ABC News’ Jim Avila and Bryan Lavietes report:
A nationally known anesthesiologist testified today that singer Michael Jackson died because he stopped breathing and his doctor was not equipped to revive him.
“The single most important thing in anesthesia is moving air and oxygen into the lungs” said Dr. Stephen Shafer of Columbia University in New York.
Shafer was the last witness for the prosecution in the Conrad Murray involuntary manslaughter case in Los Angeles Superior Court.
Shafer testified without charging his normal fee because he said the public needed to know that propofol is only deadly if misused in an improper setting.
“Everyday in the operating room, I get the question am I going to get the drug that killed Michael Jackson? This is not a fear they need to have,” said Shafer. ”When these drugs are given by people who know what they’re doing, they have nothing to fear.”
The juror was shown a video entitled ”An Overview of Safe Administration of Propofol,” which demonstrated the elaborate equipment and personnel used when the anesthetic propofol is administered for surgery.
The demonstration showed how a propofol injection pump is set up and used safely in an operating room setting.
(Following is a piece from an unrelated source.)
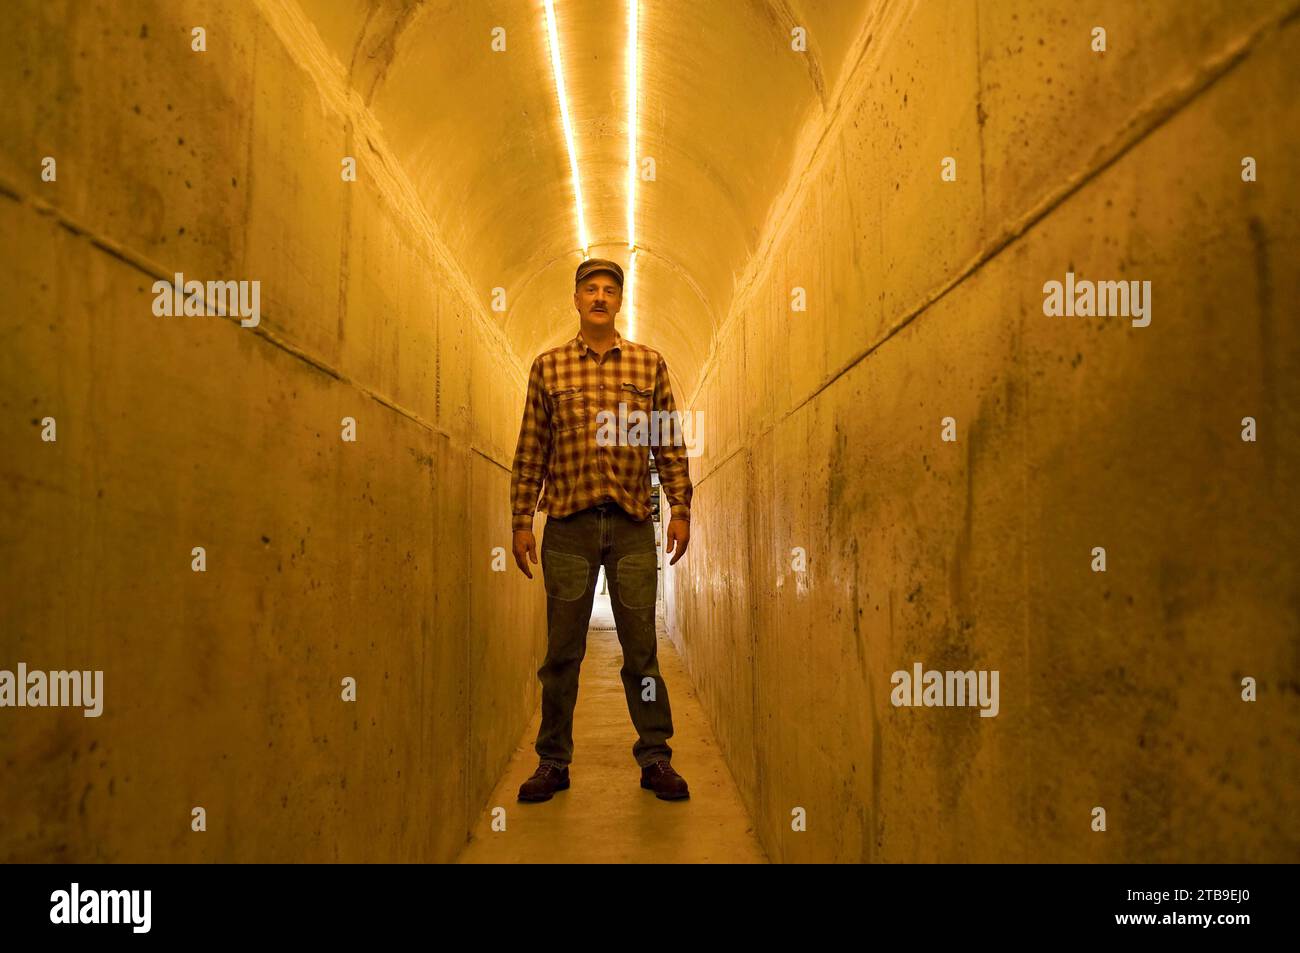 Man stands in a tunnel illuminated with light; Lincoln, Nebraska, United States of America Stock Photo

Shafer highlighted how a proper anesthesiologist prepares for propofol use: by having many emergency medical devices on hand, an extensive informed consent process, and copious medical note-taking.
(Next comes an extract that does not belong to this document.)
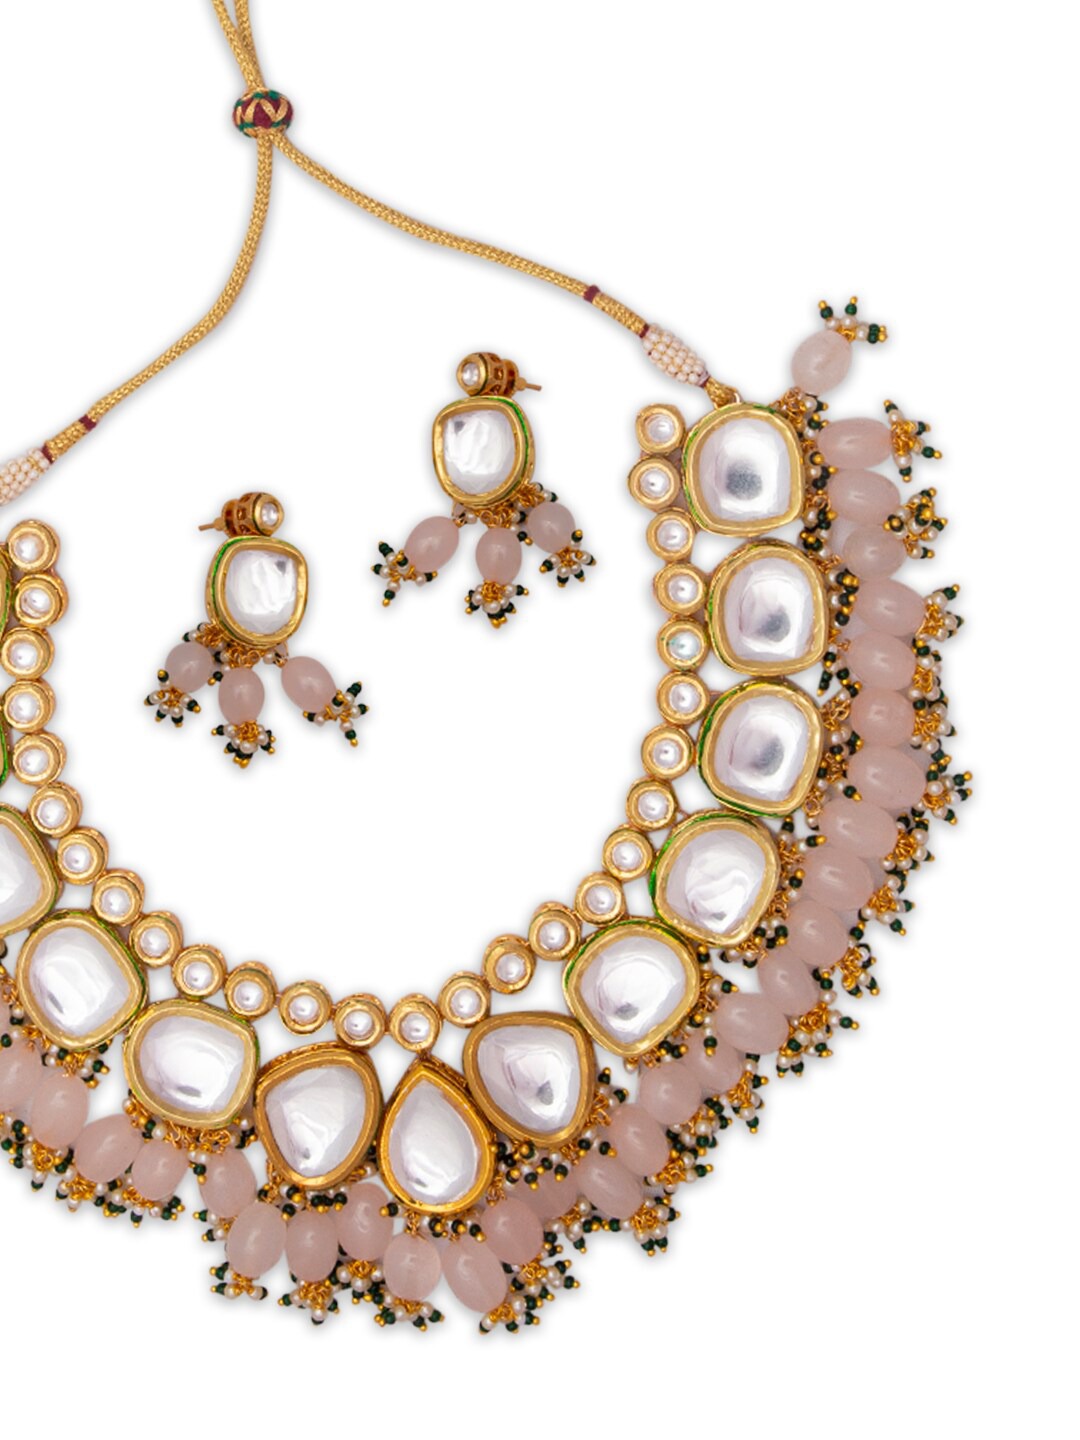 Women's Gold-Plated Handcrafted Kundan Jewellery Set - Morkanth

The video featured examples of what happens when things go wrong in surgery – and how those emergencies are dealt with.
If a patient stops breathing, the anesthesiologist tilts the head to open the airway.
If the cessation of breathing is prolonged, then a mask is put on the patient’s face and air is forced into the lungs.
If the patient goes into cardiac arrest, Shafer said the first thing that an anesthesiologist does is “call for help!” “You’re gonna need it,” Dr. Shafer explained, “and you’re gonna need it now.”
Conrad Murray has been described by prosecutors as criminally, grossly negligent because he administered the dangerous anesthetic without proper equipment, back-up personnel and did not immediately call 911.
Instead Murray launched into what prosecutors say was inappropriate and ineffective CPR.
Shafer testified that the amount of propofol Murray ordered to treat his one and only patient at the patient’s home was “an extraordinary amount” – 15.5 liters or 4.09 gallons.
If convicted, Murray could face four years in prison for involuntary manslaughter in the singer’s death.